Extrasystoles[edit | edit source]

Supraventricular extrasystoles (ES) are more common at younger ages, and ventricular ES is more common at later ages.

In terms of etiology, the following apply:

ES can also occur in healthy hearts.

  • Monotopic ones come from one and polytopic ones come from multiple locations - these have multiple P-wave (supraventricular ES) or QRS complexes (ventricular ES),
  • If a normal sinus pulse alternates with an ES on the ECG, we speak of bigeminy,
  • If the ES repeats after two sinus pulses, it is trigeminy,
  • If one sinusoidal pulse is followed by a pair of ES, we use the term couplet,
  • When they come in threes, we speak of a triplet - when there are three or more ECs, we speak of tachycardia,
  • Ventricular ES: on ECG we find an aberrant QRS complex, preceded by a missing P wave, the T wave is usually discordant (i.e. oriented opposite to the highest oscillation of the QRS complex).

If the EC is found at rest but disappears on stress, this is a valuable indication of benignity.

Potentially severe are
  • ES multifocal,
  • ES multiple,
  • ES arising from the L ventricle,
  • ES appearing on exertion and disappearing at rest,
  • ES with R to T phenomenon, i.e. ventricular ES superimposed on the descending arm of the T wave - can lead to ventricular fibrillation.

Bradycardia[edit | edit source]

Bradycardia often accompanies hypoxic states, in which case causal management is required, i.e. adequate oxygen therapy.
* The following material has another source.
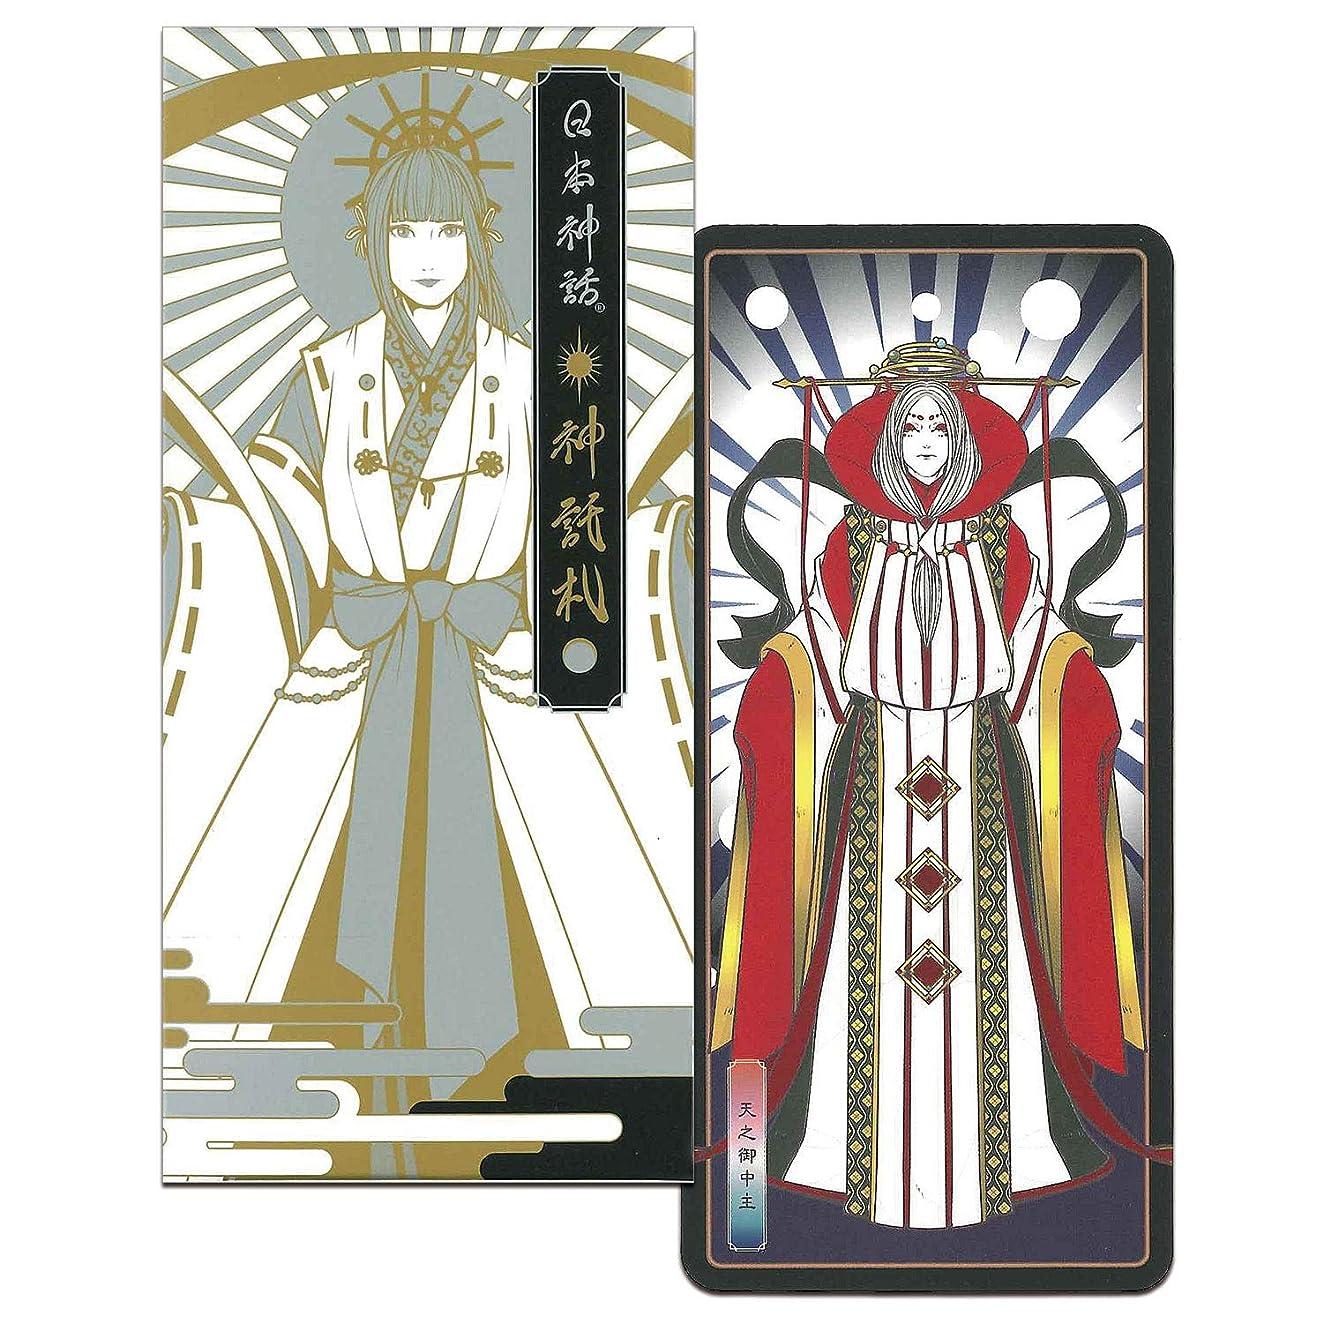 衝動免除ダイアクリティカル日本神話 神託札(オラクルカード)

Sinus node dysfunction - sick sinus syndrome[edit | edit source]

This is a disorder of impulse generation. It can be functional or anatomical and transient or permanent.

Etiology[edit | edit source]

  • Increased vagotonia,
  • Endocrinopathy,
  • Pharmaceuticals,
  • Direct damage to the sinus node.

Clinical manifestations[edit | edit source]

Most patients are asymptomatic; young children may have feeding problems, larger children may have fatigue, vertigo. However, some children are at risk of syncope or sudden death.

Diagnostics[edit | edit source]

  • On ECG we can observe slow or irregular sinus action, various alternate rhythms or, on the contrary, paroxysms of tachycardia,
  • Negative influence of the autonomic nervous system is confirmed by the ability of the sinus node to increase HR during exercise (confirmed by ergometry),
  • Holter ECG shows the variability of HR during day and night, episodes of sinus pauses or the occurrence of other severe rhythm disturbances.

Therapy[edit | edit source]

  • Asymptomatic patients do not require therapy,
  • In bradycardia with impaired hemodynamics, we indicate implantation of a cardiac pacemaker.

Second-degree atrioventricular block, Mobitz type II[edit | edit source]

It is characterized by intermittent atrioventricular (AV) conduction blockade without preceding PQ prolongation, i.e. the PQ interval is still constant, after several "normal" contractions the P wave is not monitored by the QRS complex.

Etiology[edit | edit source]

  • Direct injury by trauma,
  • Inflammation,
  • Degenerative disease.

Cave!!!.png Mobitz II requires very careful monitoring because, unlike Mobitz I, there is a real threat of progression to grade III block, i.e. complete AV block with risk of syncope or sudden death.

Therapy[edit | edit source]

  • Isoprenaline 0.02 mg/kg, eventually isoprenaline infusion 0.02 mg/kg (interestingly, Atropine has no effect here),
  • The long-term solution is the implantation of a pacemaker.

Third-degree atrioventricular block - complete AV block[edit | edit source]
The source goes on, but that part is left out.